An open API service indexing awesome lists of open source software.

https://github.com/tg12/phantomstars

Automated detection and tracking of fake engagement on GitHub — daily CI, zero infrastructure
https://github.com/tg12/phantomstars

astroturfing automation bot-detection fake-engagement fake-stars github github-actions github-trending infosec osint python security spam-detection sybil-detection threat-intelligence

Last synced: 2 days ago
JSON representation

Automated detection and tracking of fake engagement on GitHub — daily CI, zero infrastructure

Awesome Lists containing this project

README

          


phantomstars
Python 3.13
Apache 2.0
GitHub Actions
Daily

phantomstars


Automated detection and tracking of fake engagement on GitHub



A JS Labs project —
part of the AI Slop Intelligence initiative.

Runs every day. Scores every suspicious account. Detects coordinated bot campaigns.

Files issues directly on compromised repos so maintainers can act.

---

Support this project


BTC   3QjWqhQbHdHgWeYHTpmorP8Pe1wgDjJy54

ETH   0x5851e6145F4773d1585b8686095FB16E368a4dA1

ZEC   t1KSR5YkNPbjqRSCoLKo5AddFWdm9Kzxh1B

---

## Why this exists

GitHub stars are a trust signal. They are how developers decide what to evaluate, what to depend on, and what to recommend. That signal is being systematically corrupted.

During the AI boom of 2024-2026, an industry of bot farms emerged to manufacture credibility for low-quality, often malicious repositories. A project with 800 stars in 48 hours reads as legitimate to a developer scanning search results. That's the point. The goal of fake engagement isn't the stars themselves; it's the social proof those stars produce, and the downstream decisions that social proof influences.

The pattern is identifiable. Accounts created the same week, no bio, no followers, no original repositories, starring the same 15 repos within a 2-hour window. Not one campaign, but dozens running simultaneously, every day, across thousands of accounts. The data shows repos where 185 out of 185 engagers are bots. A 100% fakeness ratio. Entire trending placements built on nothing.

**phantomstars** was built because this problem is tractable. The signal-to-noise ratio in GitHub's public API is, for now, still high enough that coordinated campaigns leave clear fingerprints. This project reads those fingerprints, publishes the raw data, and notifies affected repository maintainers directly.

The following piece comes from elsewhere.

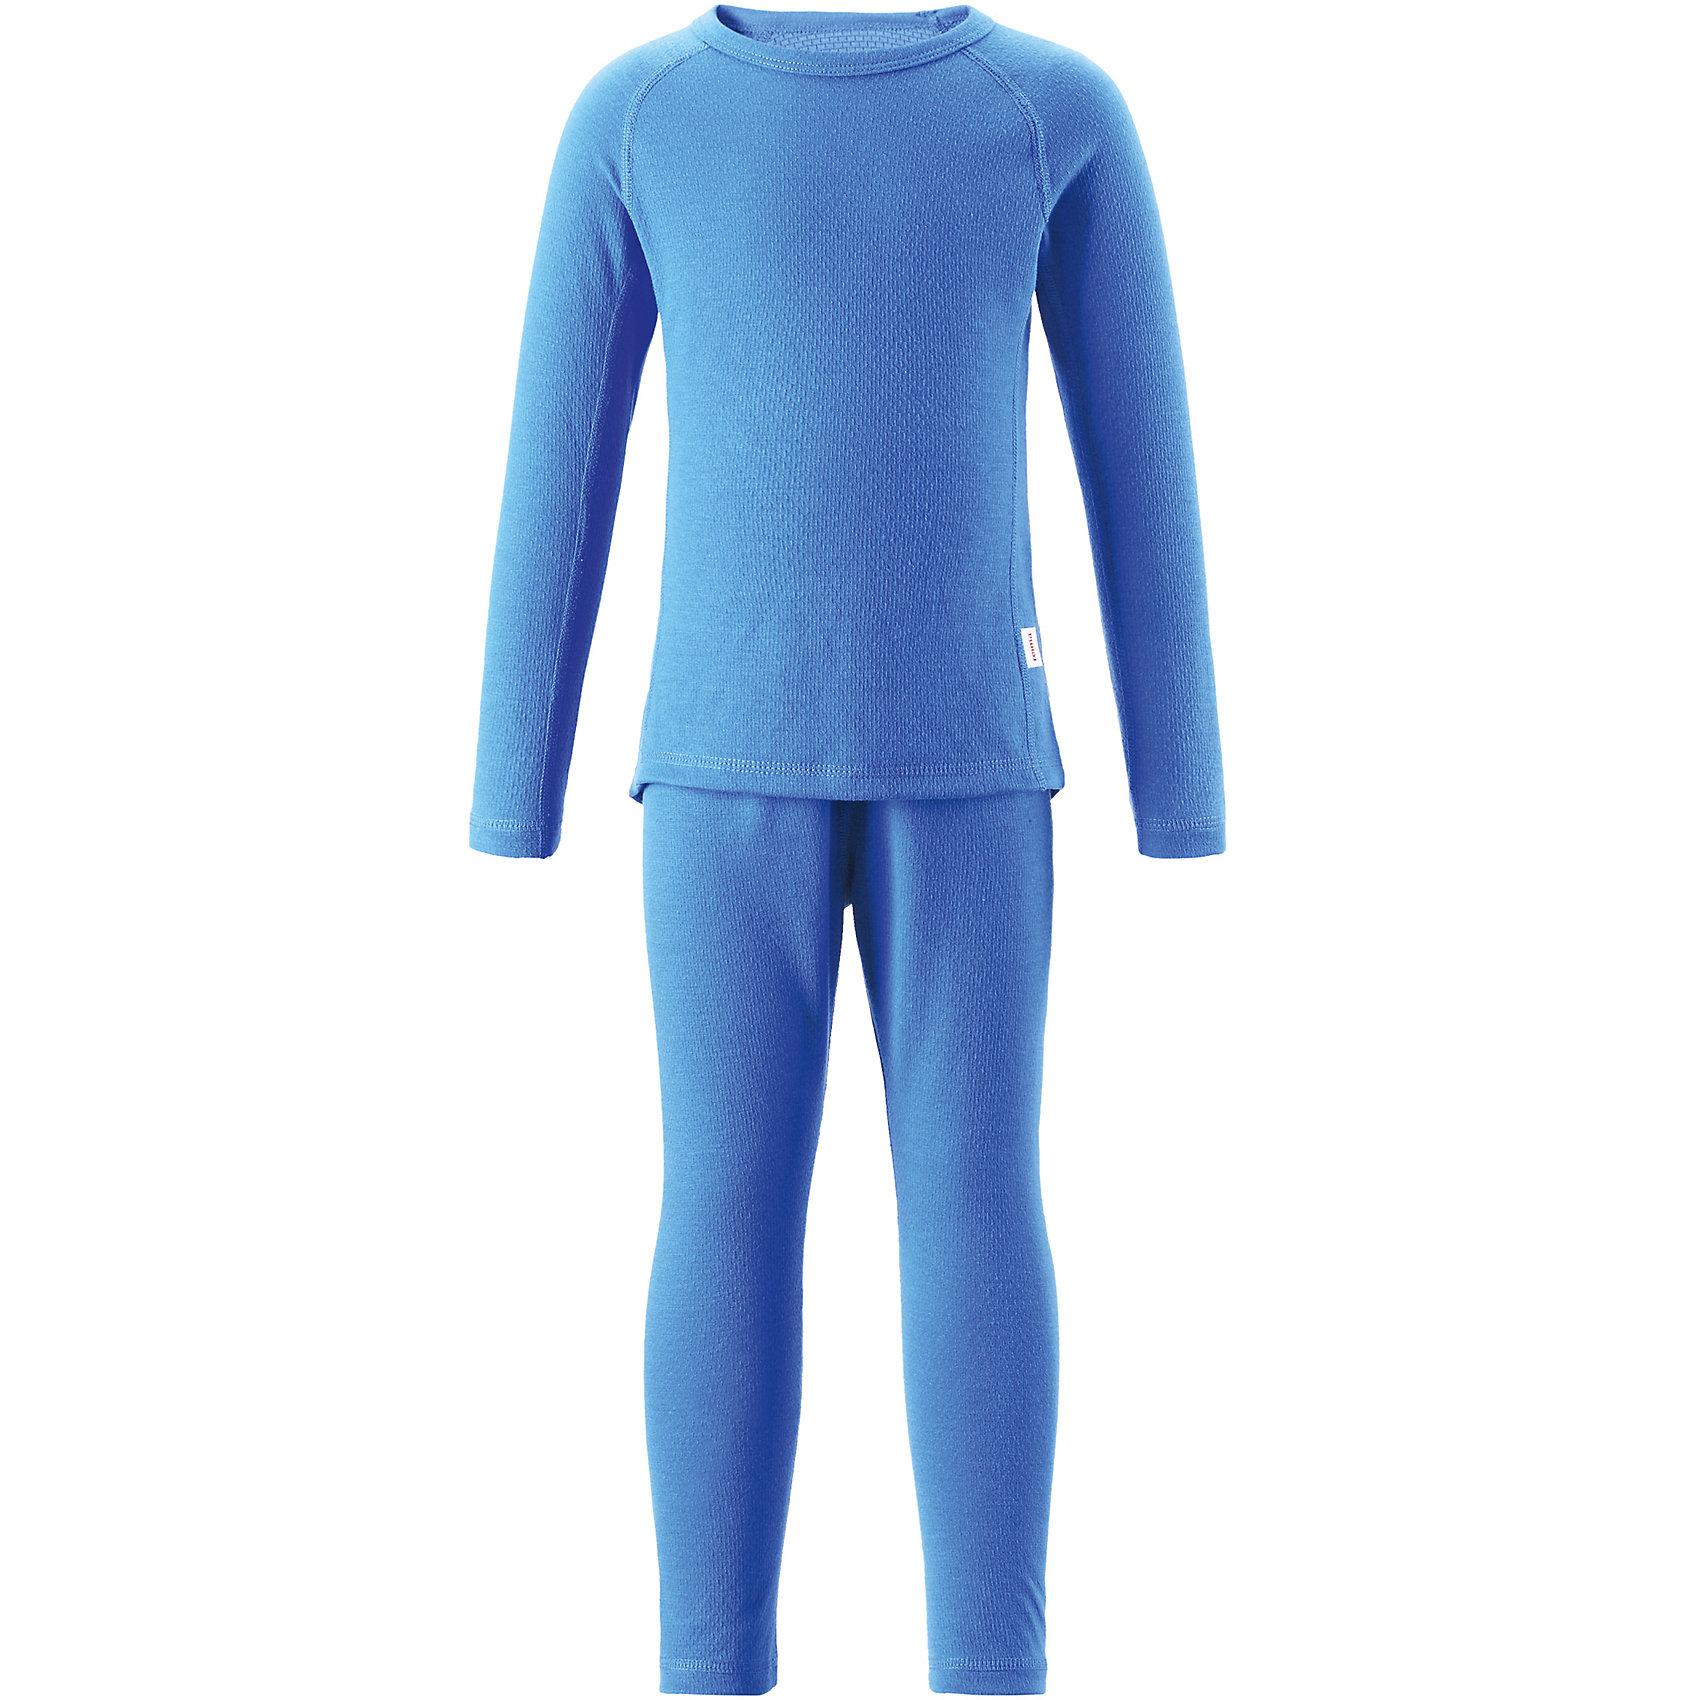 Термобелье Lani для мальчика ReimaФлис и термобелье<br>Термобелье для мальчика Reima.<br>Комплект базового слоя для подростков. Теплый материал Thermolite отводит влагу и сохраняет кожу сухой и приятной, создавая чувство комфорта. Быстро сохнет и сохраняет тепло. Мягкие плоские швы для дополнительного комфорта: не раздражает кожу. Удлиненный подол сзади.<br>Уход:<br>Стирать с бельем одинакового цвета, вывернув наизнанку. Стирать моющим средством, не содержащим отбеливающие вещества. Полоскать без специального средства. Придать первоначальную форму вo влажном виде. Сушить при низкой температуре. <br>Состав:<br>43% полиэстер THERMOLITE®, 53% полиэстер, 4% sorona<br><br>Ширина мм: 215<br>Глубина мм: 88<br>Высота мм: 191<br>Вес г: 336<br>Цвет: голубой<br>Возраст от месяцев: 72<br>Возраст до месяцев: 84<br>Пол: Мужской<br>Возраст: Детский<br>Размер: 120,140,160,150,90,100,110,130,80<br>SKU: 4775020
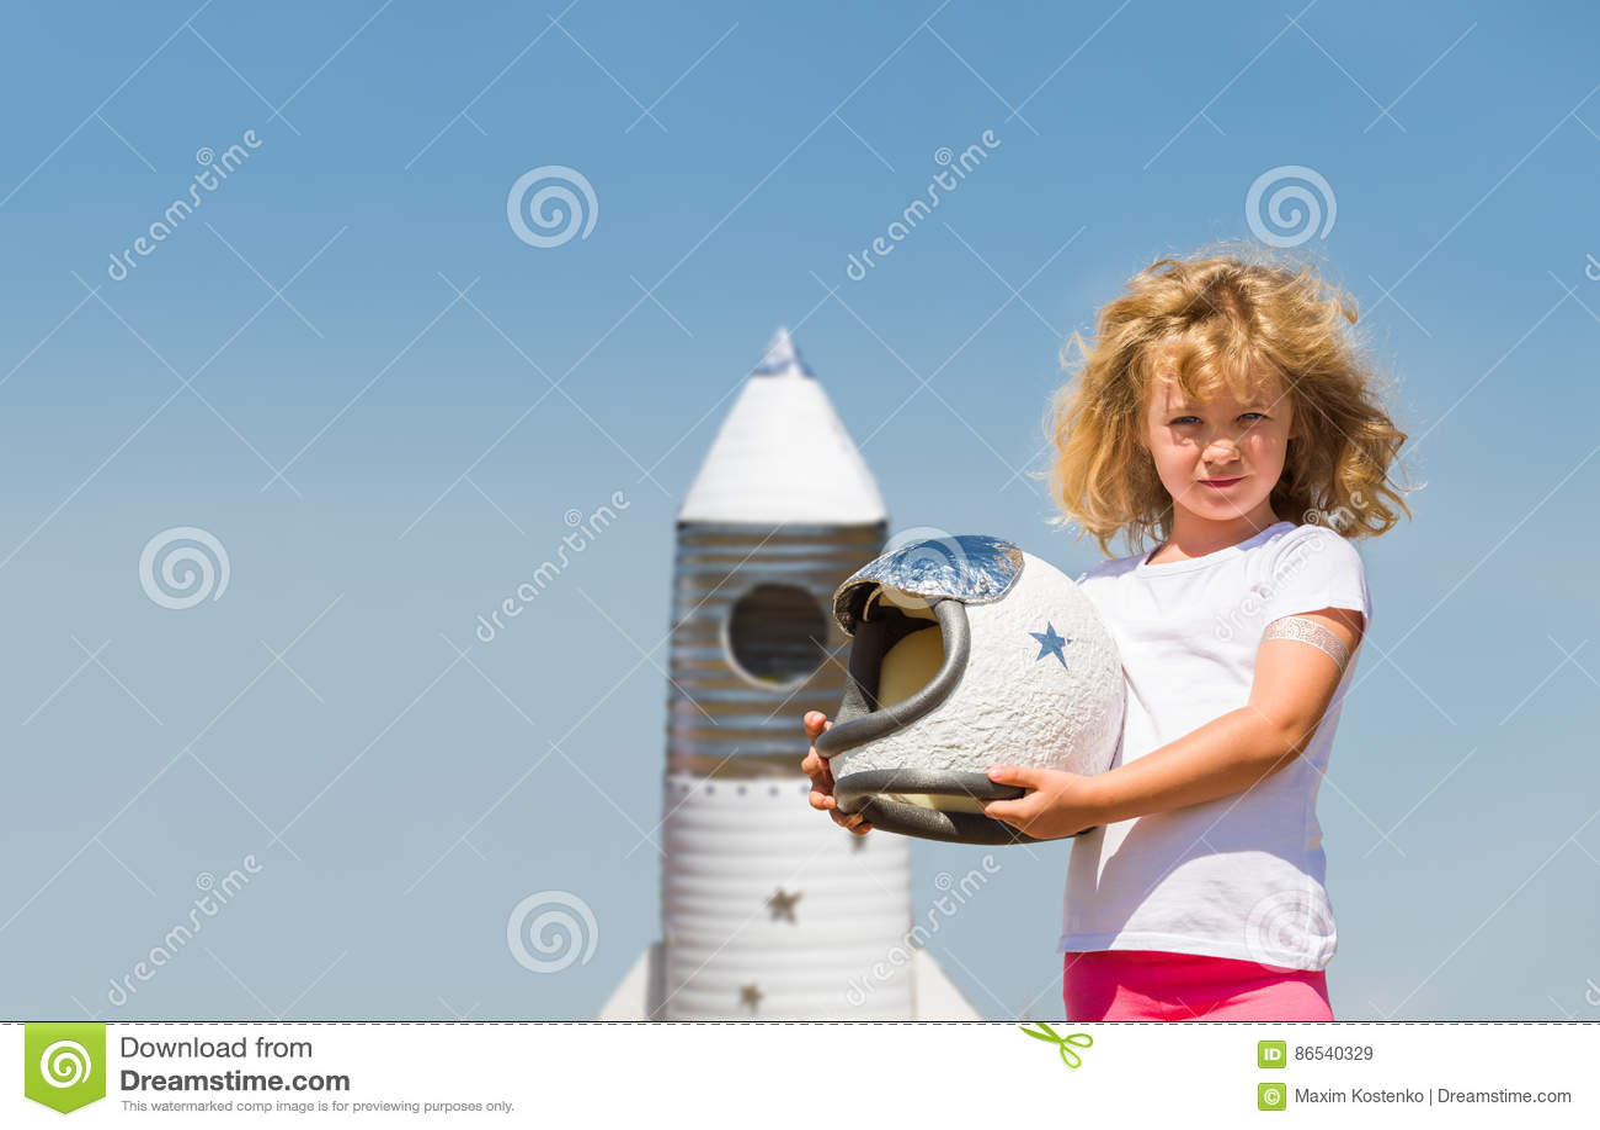 Πορτρέτο του ξανθού μικρού κοριτσιού σε ένα κοστούμι αστροναυτών με τον πύραυλο παιχνιδιών που ονειρεύεται να γίνει spacemen

This is part of the broader [AI Slop Intelligence](https://labs.jamessawyer.co.uk/ai-slop-intelligence-dashboards/) work at [JS Labs](https://labs.jamessawyer.co.uk/), ongoing research into the mechanics and measurable effects of low-quality AI-generated content flooding developer ecosystems. Fake engagement isn't a peripheral issue. It's the distribution mechanism that gets slop in front of real users.

---

## What it does

**phantomstars** runs a daily GitHub Actions job that:

1. Scrapes the [GitHub Trending](https://github.com/trending) page for repos gaining stars today
2. Queries the GitHub Search API for repos created in the last **7 days** with sudden star activity (the wider window catches multi-day campaigns missed by 24h-only scans)
3. Seeds additional candidate repos from recent Reddit posts in `r/osinttools` and `r/coolgithubprojects` by extracting GitHub repo links from the last **2 days**
4. Pulls recent engagement events (stars, forks) via the Events API (last 24 hours per repo)
5. Fetches the full profile of every engaging account via GraphQL: **account creation date**, follower/following counts, bio, repo history
6. Scores every account against a composite heuristics model: account age, profile completeness, repository patterns, and activity history
7. Detects **coordinated campaigns** using timestamp clustering and union-find: clusters of suspicious accounts that engaged within a 3-hour window
8. Applies the false-positive allowlist before ledger writes, repo-level ratios, dashboards, and notifications so every visible metric uses the same population
9. Appends all suspects to an append-only JSONL ledger committed back to this repo
10. Publishes a per-repo intelligence feed showing which repos are being targeted, which discovery sources found them, and whether the Events API window was complete or capped
11. **Files GitHub issues directly on targeted repos** so maintainers see the campaign data in their own issue tracker
12. Writes a formatted scan report to the GitHub Actions job summary

No servers. No databases. No infrastructure bill.

---

## Frequently asked questions

### Does it notify the targeted repo?

**Yes.** When a repo's fakeness ratio exceeds 40% or a coordinated campaign is detected, phantomstars opens an issue directly on that repository. The issue contains the full suspect table, campaign membership, composite scores, and account creation dates: everything a maintainer needs to investigate and report to GitHub.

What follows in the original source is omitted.